As Director of Communications for the IPA I can say without a doubt that the last eight weeks have been the busiest and most intense I’ve experienced in my four years working at the IPA.

As you know, during this crisis the IPA has been at the forefront of the public and media debate about questions such as the economic and social consequences of the lockdown, the impact of the lockdown on employment – particularly for young people – the legacy of $1 trillion of federal government debt, and the use of extraordinary and draconian powers by the authorities to enforce the lockdown.

And what I’m starting to find over the last few weeks is that there’s a real appetite from media outlets to hear from the IPA about how our policy research on areas such as cutting red tape, restoring the dignity of work and reforming industrial relations can provide the path towards returning to the lives and livelihoods we once had.

The media’s interest in the IPA’s analysis and research about the crisis has been unprecedented. In the thirty days of April the IPA has been mentioned or quoted in the national media 1,050 times – including 289 interviews and mentions on radio, and 141 on television.

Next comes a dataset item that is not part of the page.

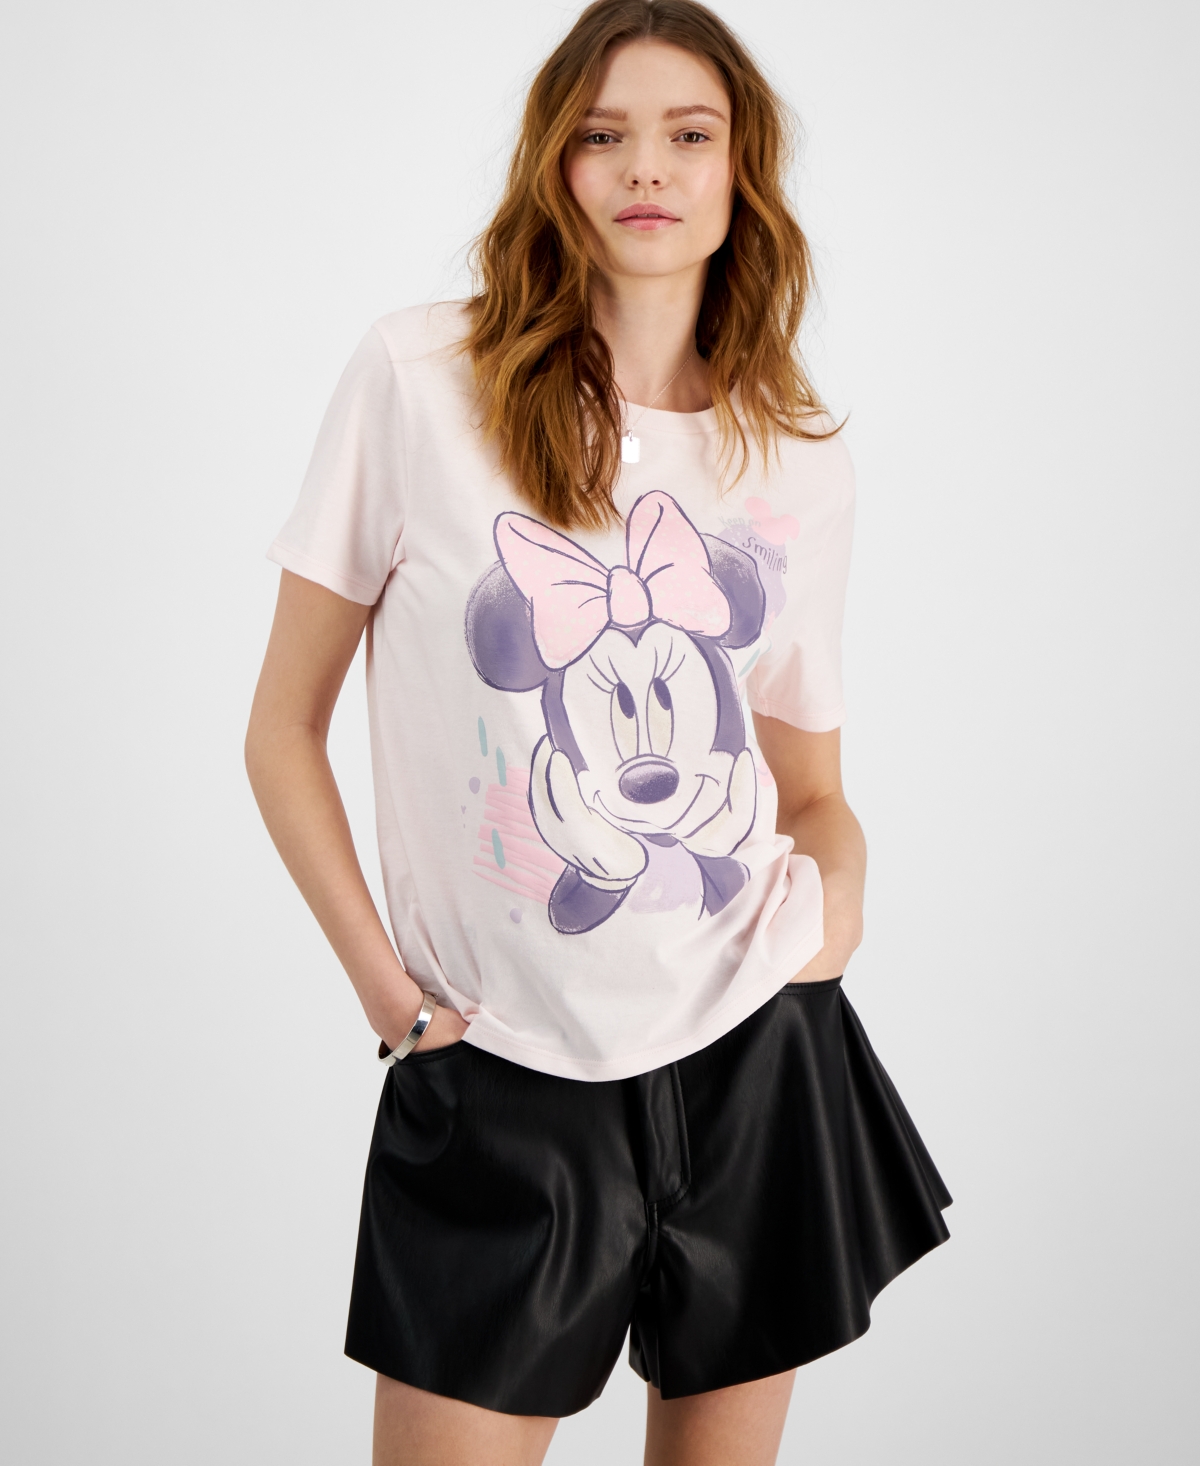 Disney Juniors' Minnie Mouse Short-sleeve Graphic T-shirt In Barely Pink

A few days ago the University of Canberra released the results of a survey of Australians’ attitudes to the consumption of news during this crisis. 71% of people said they were spending more time watching and reading and listening to the news during the crisis. This is certainly consistent with what’s happened at the IPA, as not only has our media engagement dramatically increased as I just mentioned, but the audiences for our podcasts have grown upwards of 30%. (Interestingly the survey also found that 52% of people are now starting to turn away from the news because they’re tired of hearing about it.)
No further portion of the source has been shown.